In the copy, keep the lines from the first line of the material below through the line containing "El sospechoso fue" exactly as they are, and include no pictures.

→ Data provided:
BEGIN

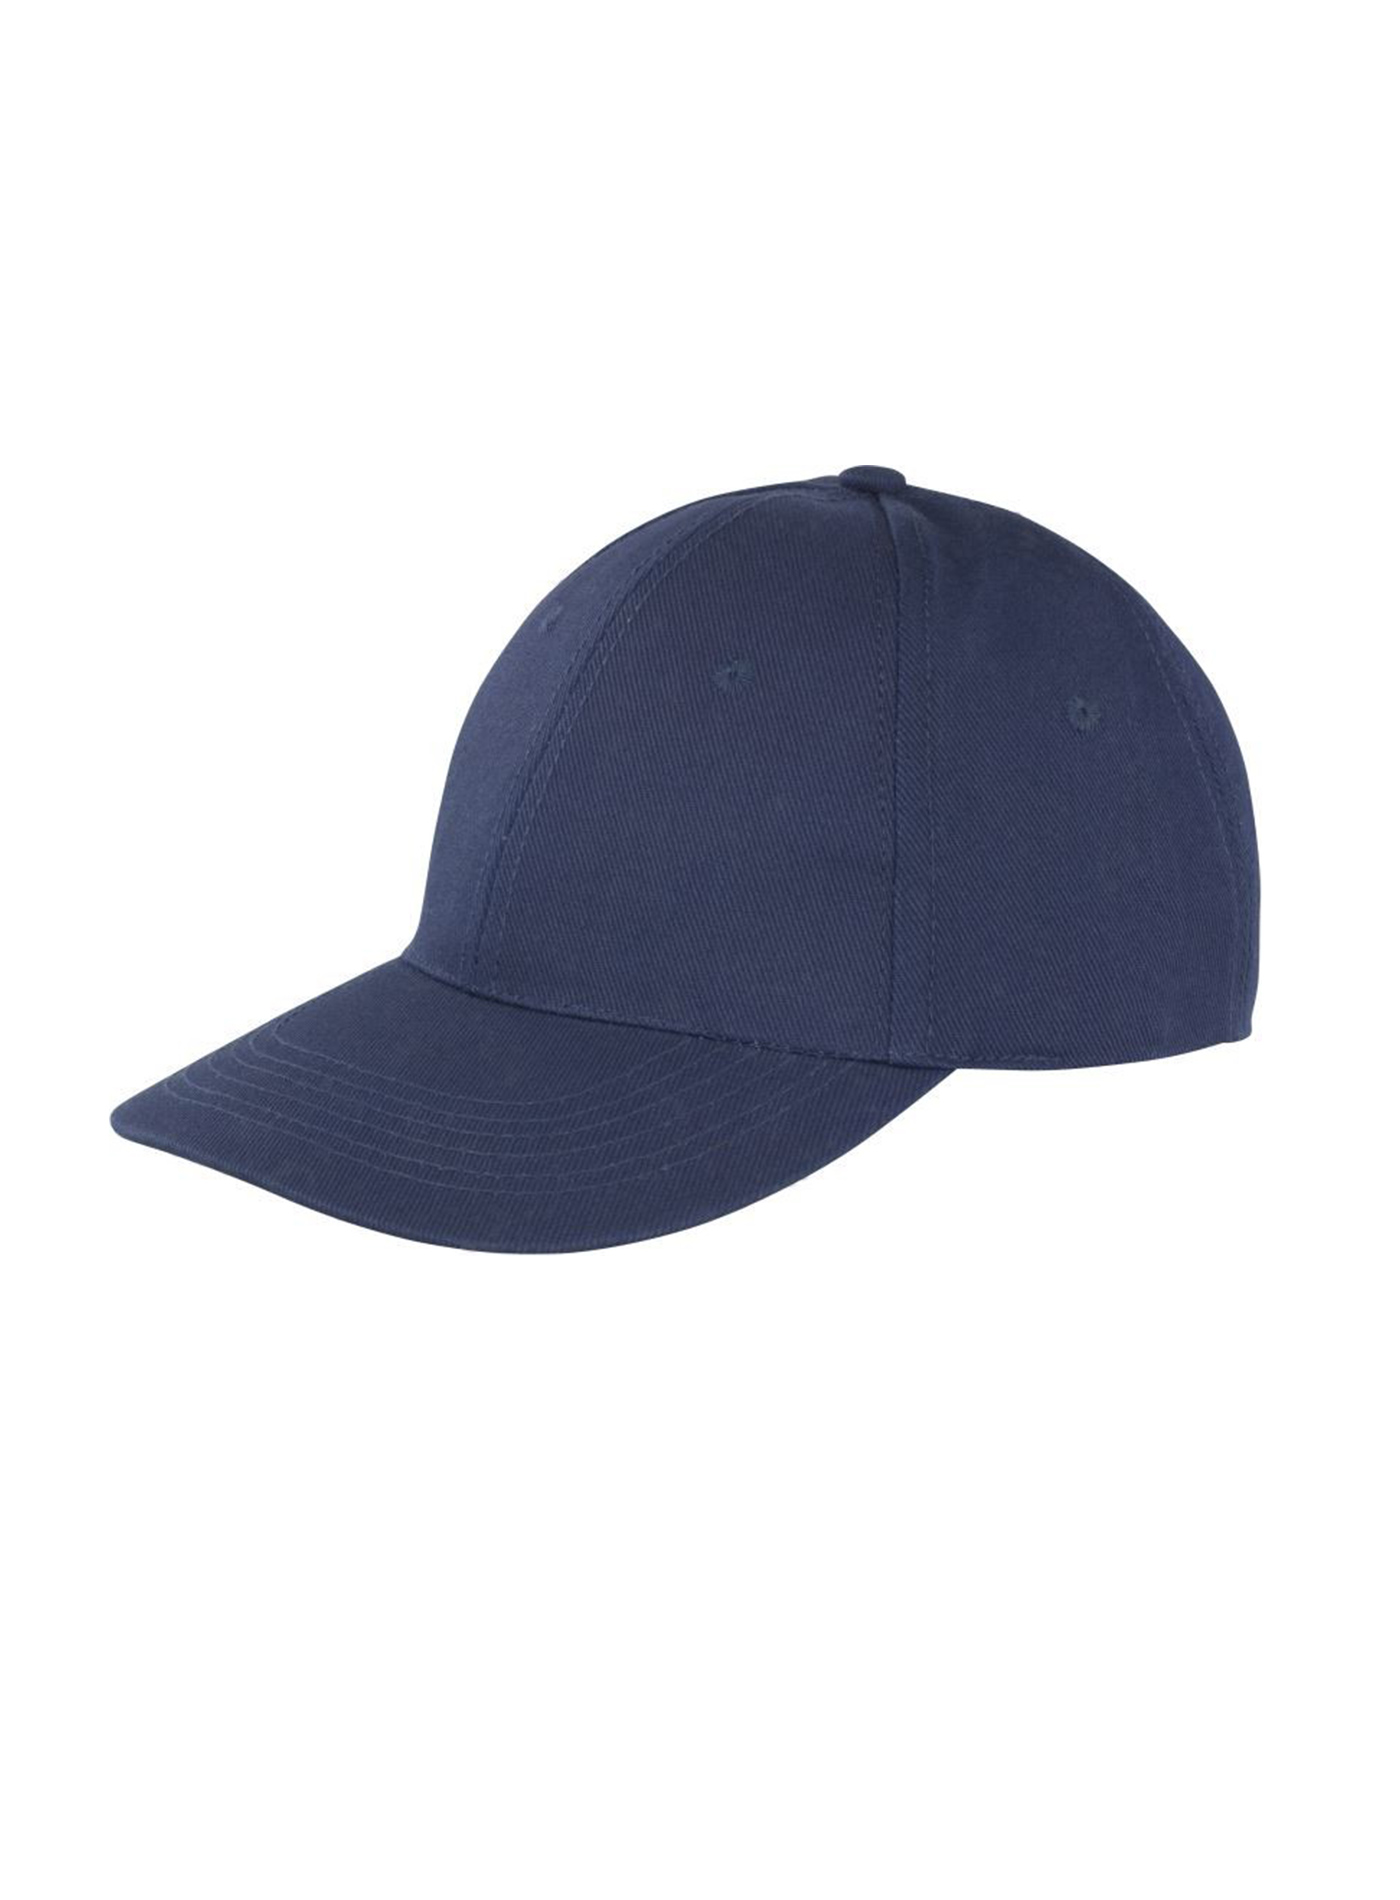 Kšiltovka Result headwear s nízkým profilem - Námořnická modrá univerzal
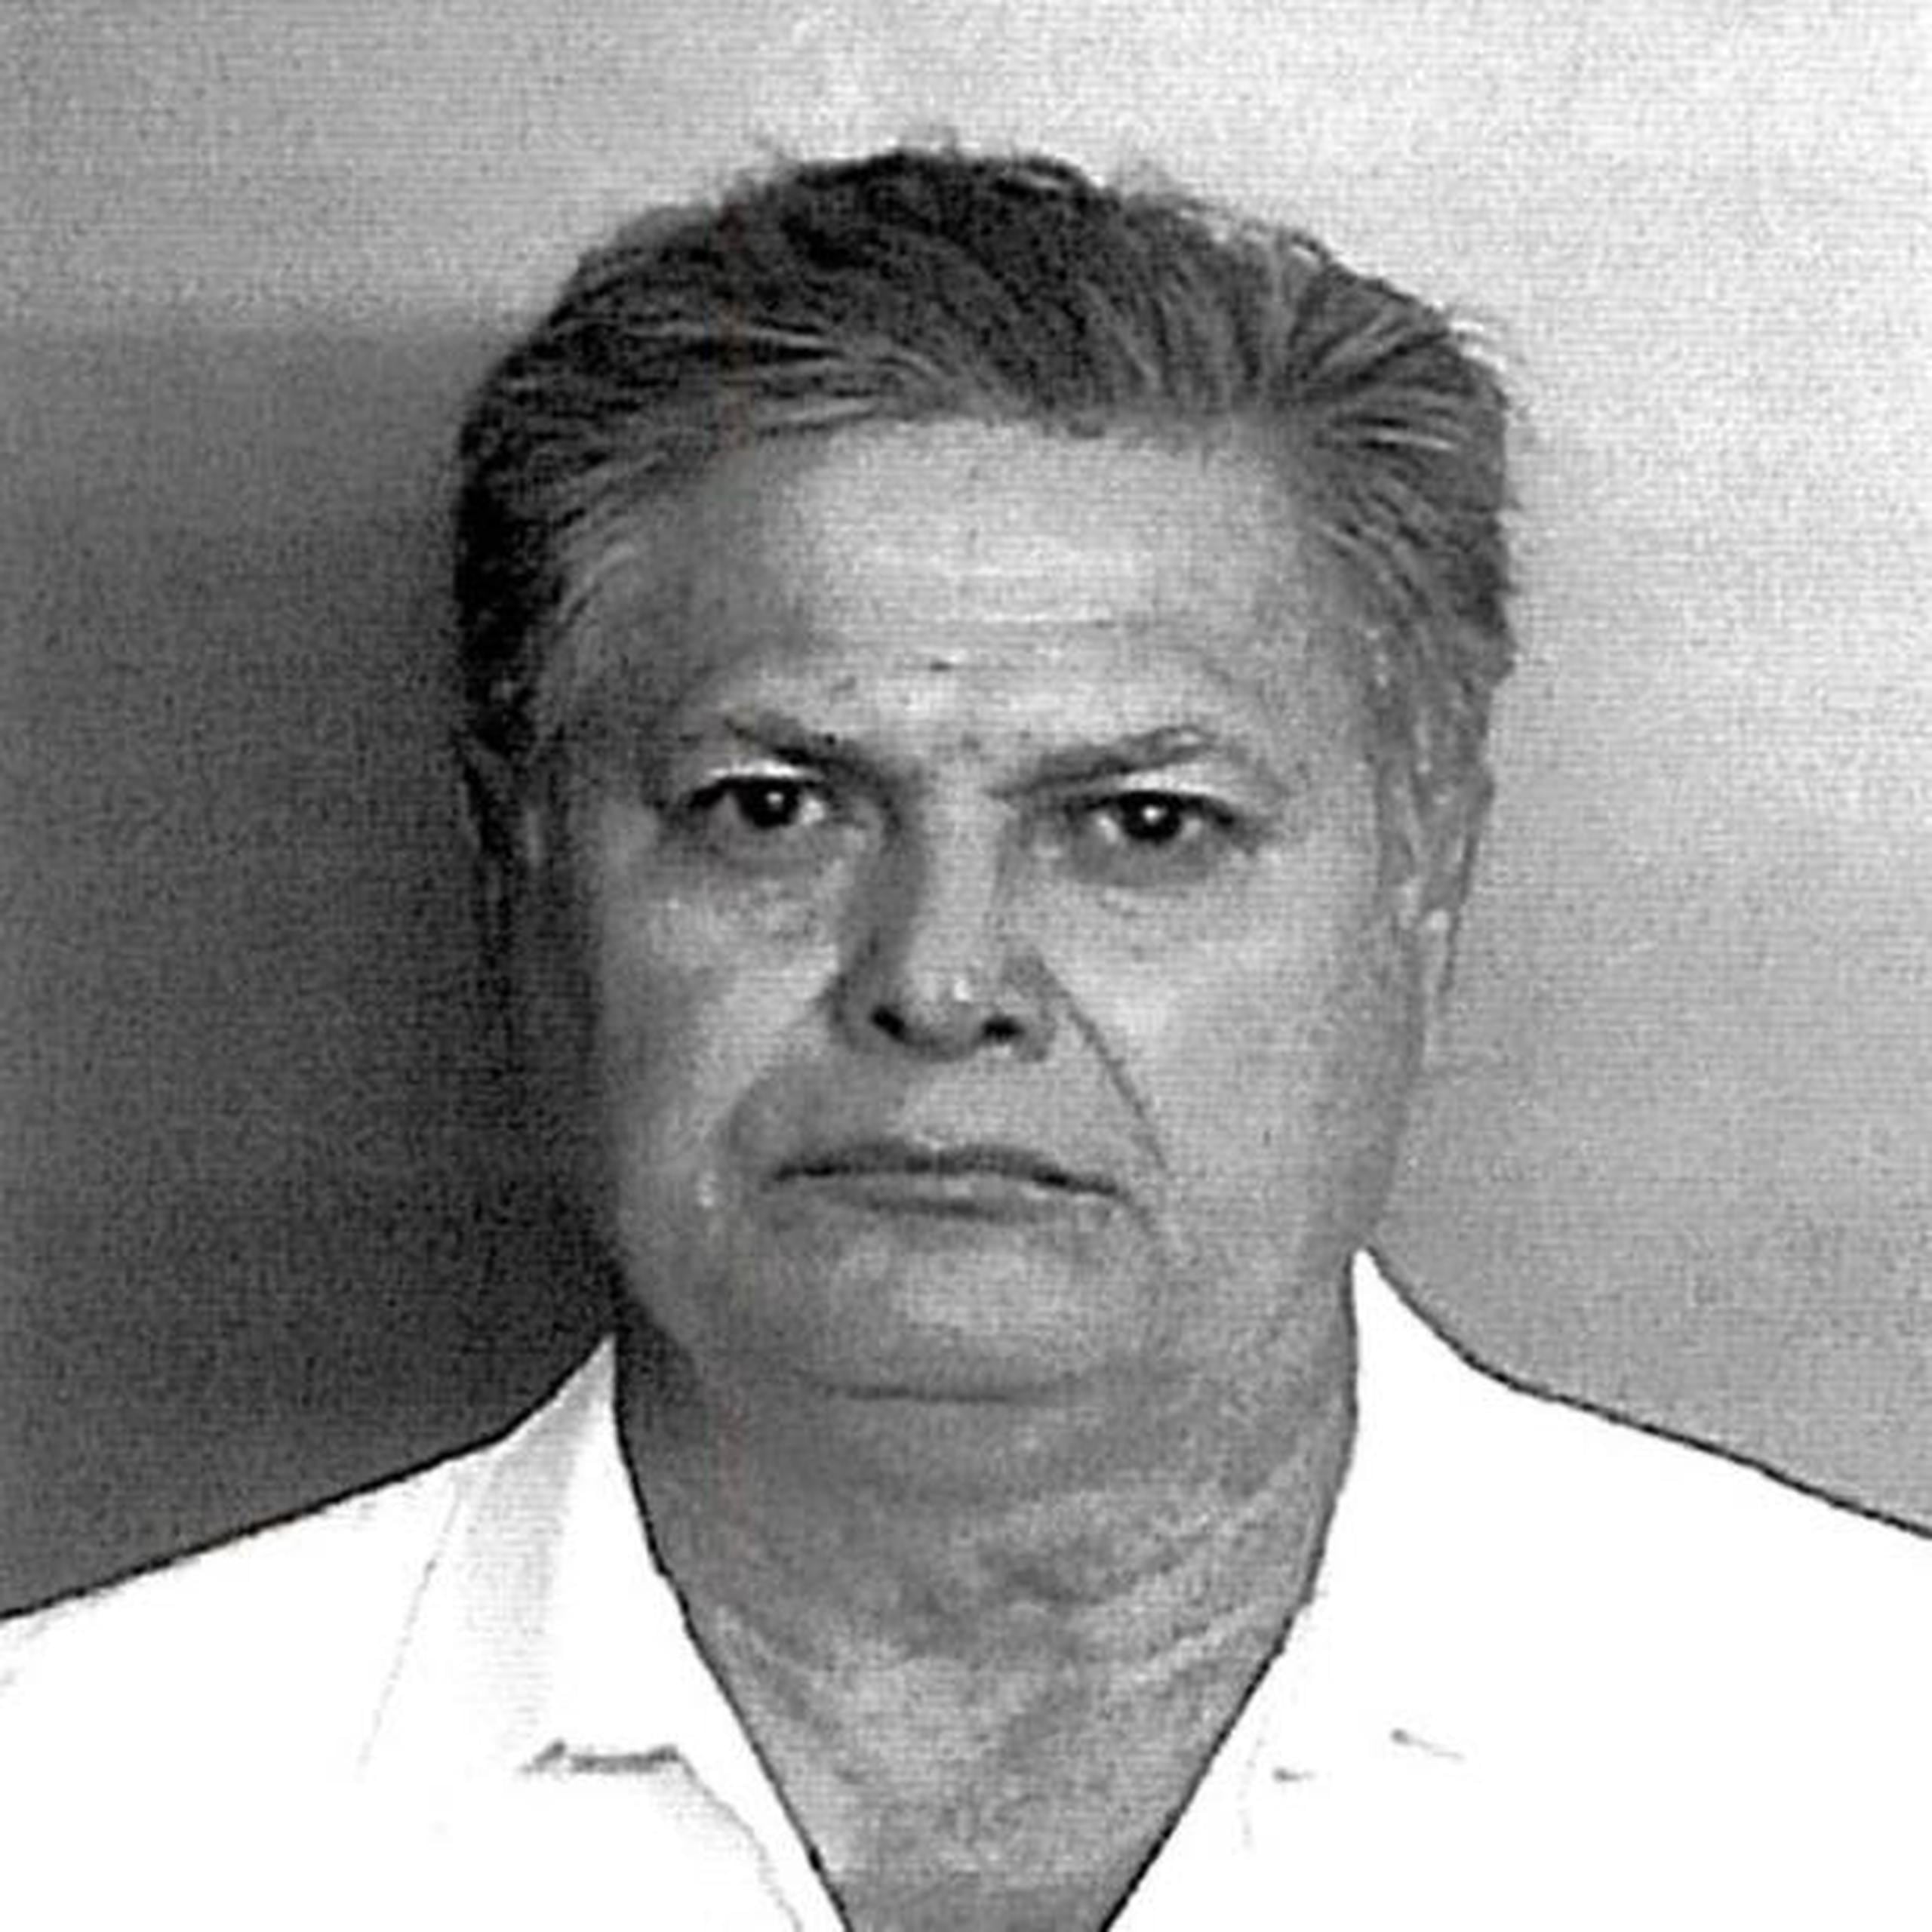 El sospechoso fue identificado como Gilberto Burgos Negrón, de 60 años. (Suministrada)
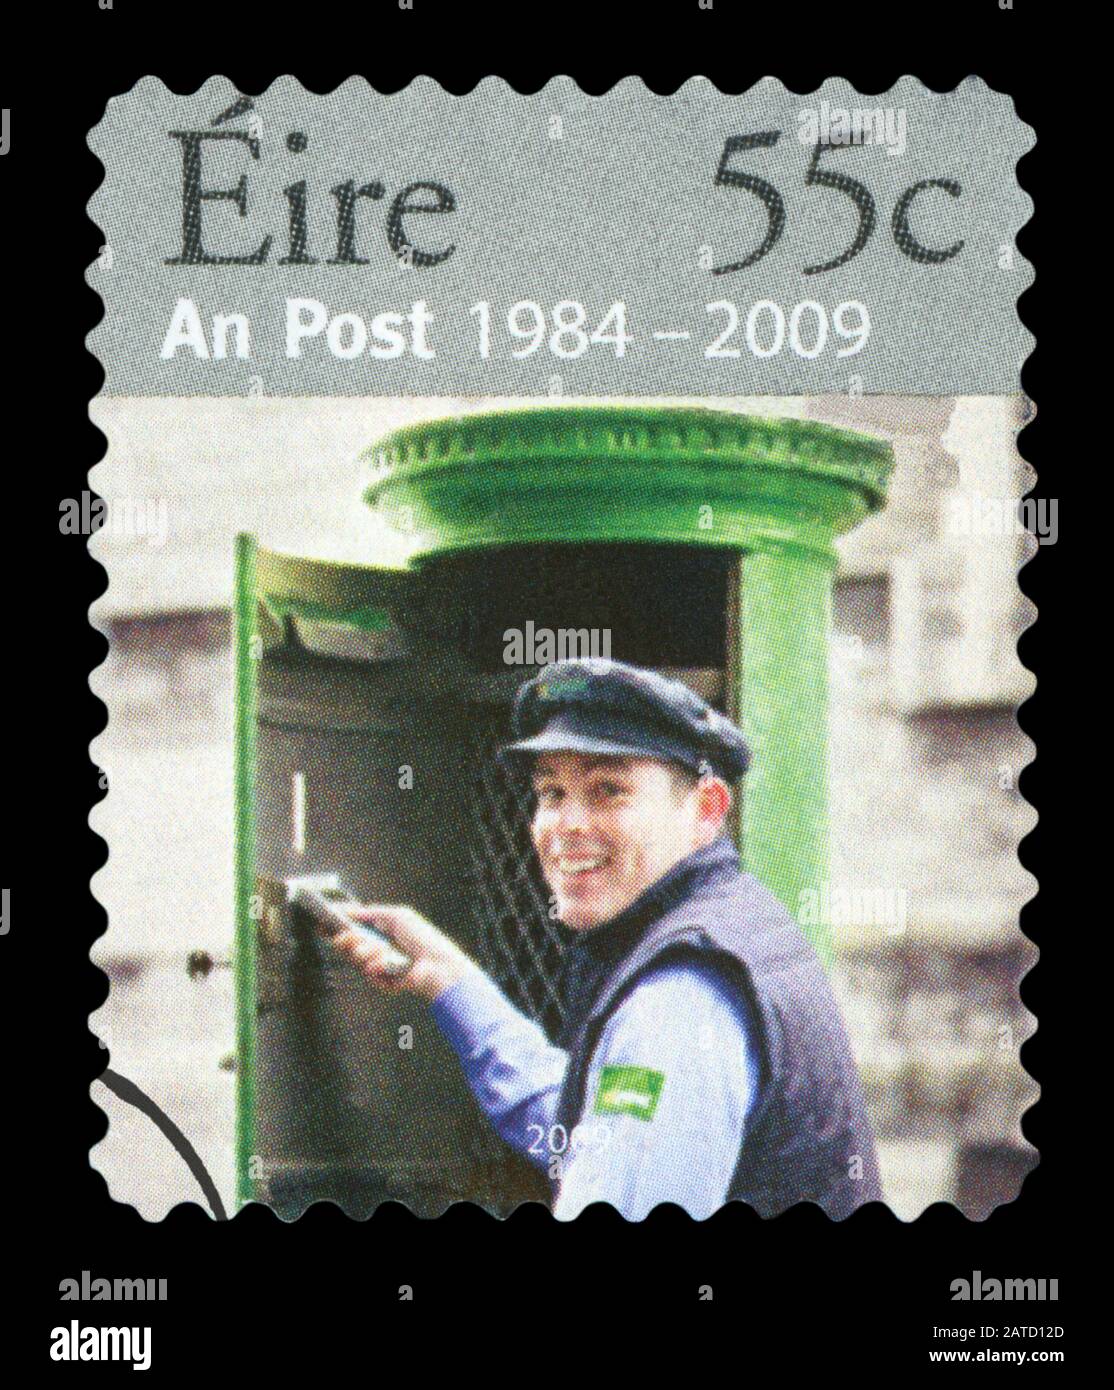 Irland - CIRCA 2009: Eine Briefmarke aus Irland, die von 1984 bis 2009, ca. 2009, eine Post Eire darstellt, wurde storniert. Stockfoto

END

→ Solution below:
 Kšiltovka Result headwear s nízkým profilem - Námořnická modrá univerzal
 El sospechoso fue identificado como Gilberto Burgos Negrón, de 60 años. (Suministrada)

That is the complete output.